Photocatalytic and structure evaluation of g-C3N4/carbon microspheres and melam/dimelem intermediates under white LED and UVA-Vis irradiation

Despite the polymeric metal-free graphitic carbon nitride (g-C3N4) has been extensively studied for photo-degradation, intermediate oligomers (melam/dimelem) can be generated during the polymerization process and it is a subject matter. The melem compounds feature active amino groups (-NH2) partially linked to one another, facilitating intermolecular reactions and alteration of the compound's structure. This study evaluated the syn-ergic effect of carbon matrix on the physicochemical and electronic characteristics of g-C3N4 (CN) and melam/ dimelem intermediates compounds by synthesis in situ of chitosan and CN precursors. The g-C3N4 were obtained using urea (U) and melamine (M), denoted as CN/U and CN/M, and the carbon microspheres, denoted as CN/CU and CN/CM. The characterizations suggest C-N sp2-hybridized bonds between the carbon ring from chitosan and the melam/dimelem unit, which may be highly activated either in the visible or UVA regions.
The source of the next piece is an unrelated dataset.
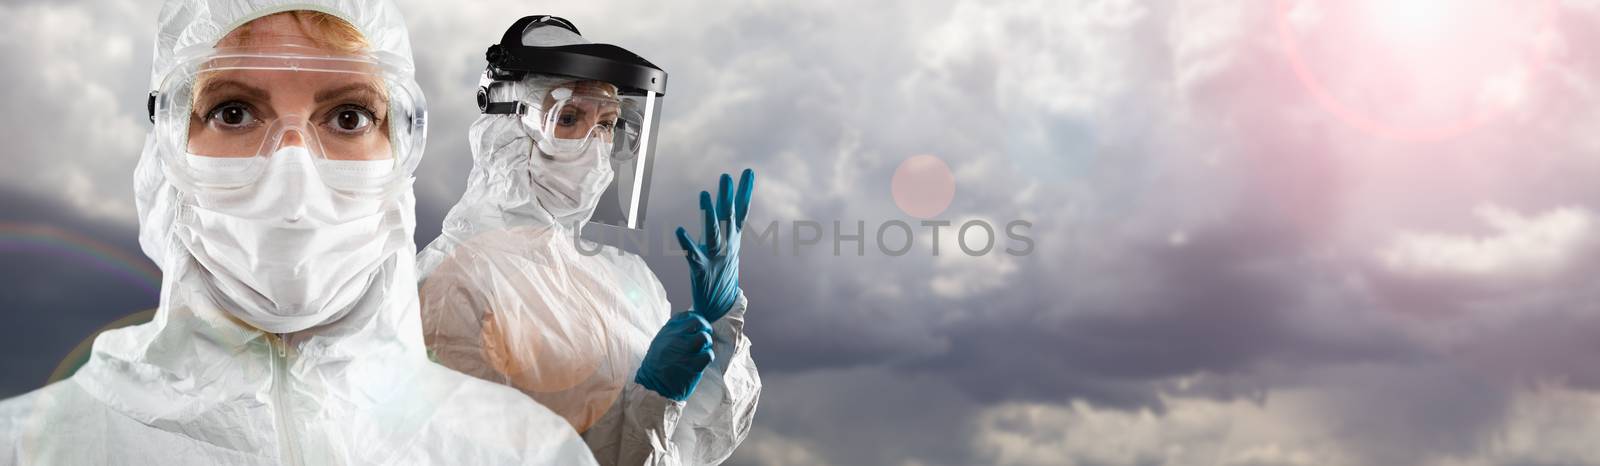 Doctor or Nurse Wearing Personal Protective Equipment Over Storm by Feverpitched
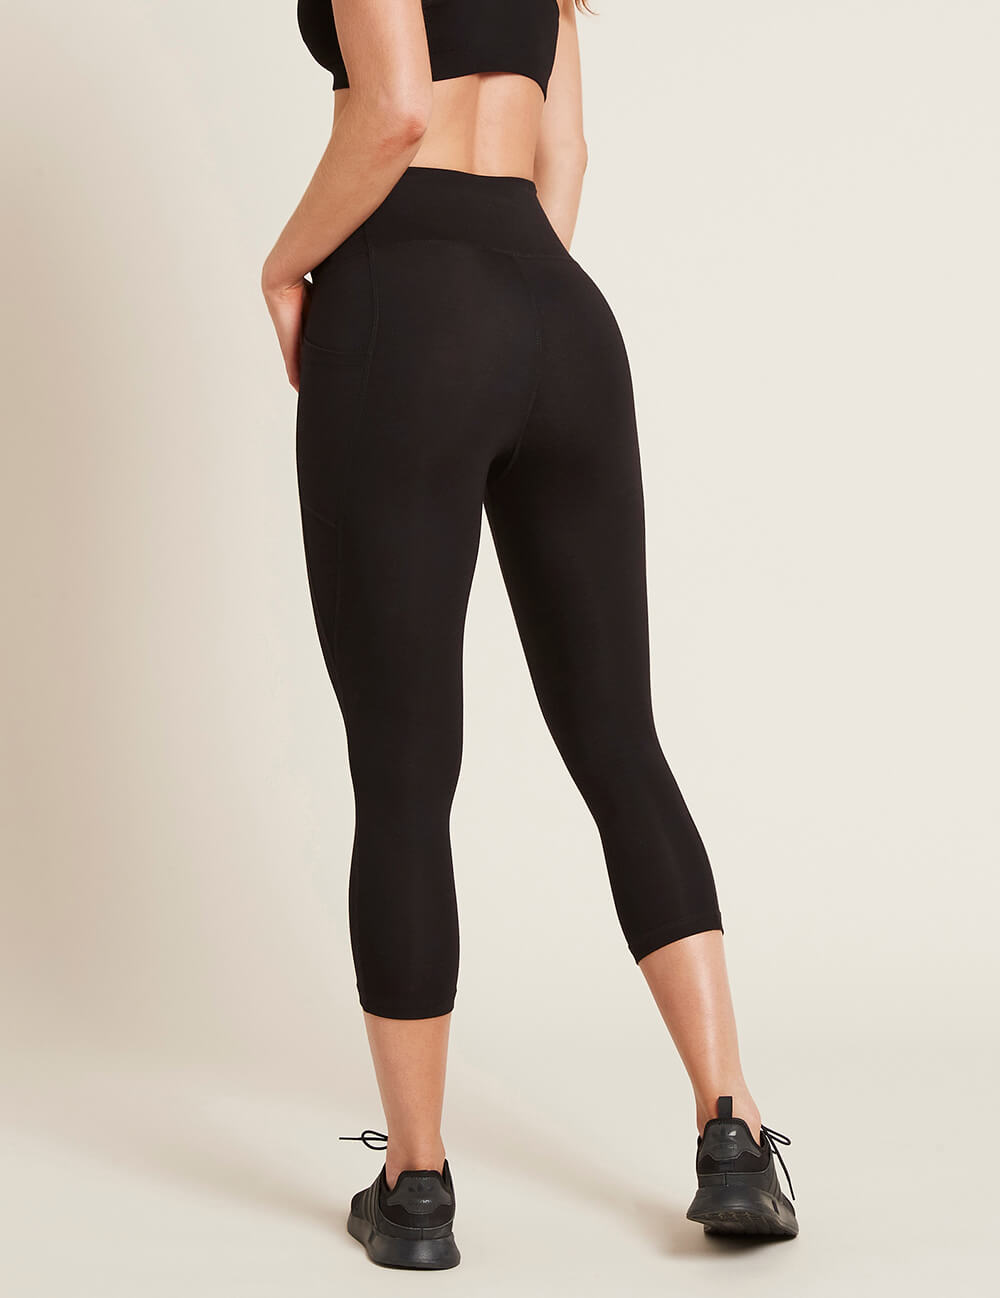 Boody Bamboo Active Blended High-Waisted 3/4 Leggings with Pockets in Black Rear View

An increase of 16% in photocatalytic efficiency for CN/CM material was observed by incorporating chitosan in the g-C3N4 using withe LED light. The carbon microspheres interact synergistically with the bulk g-C3N4 to form two-dimensional planes in which the charge carriers can move freely along the carbon ring structure. The carbon microspheres are an excellent option to separate the photocatalyst easily from the reaction mixture. Additionally, the photo-catalytic degradation mechanism of RhB by carbon microspheres was also proposed.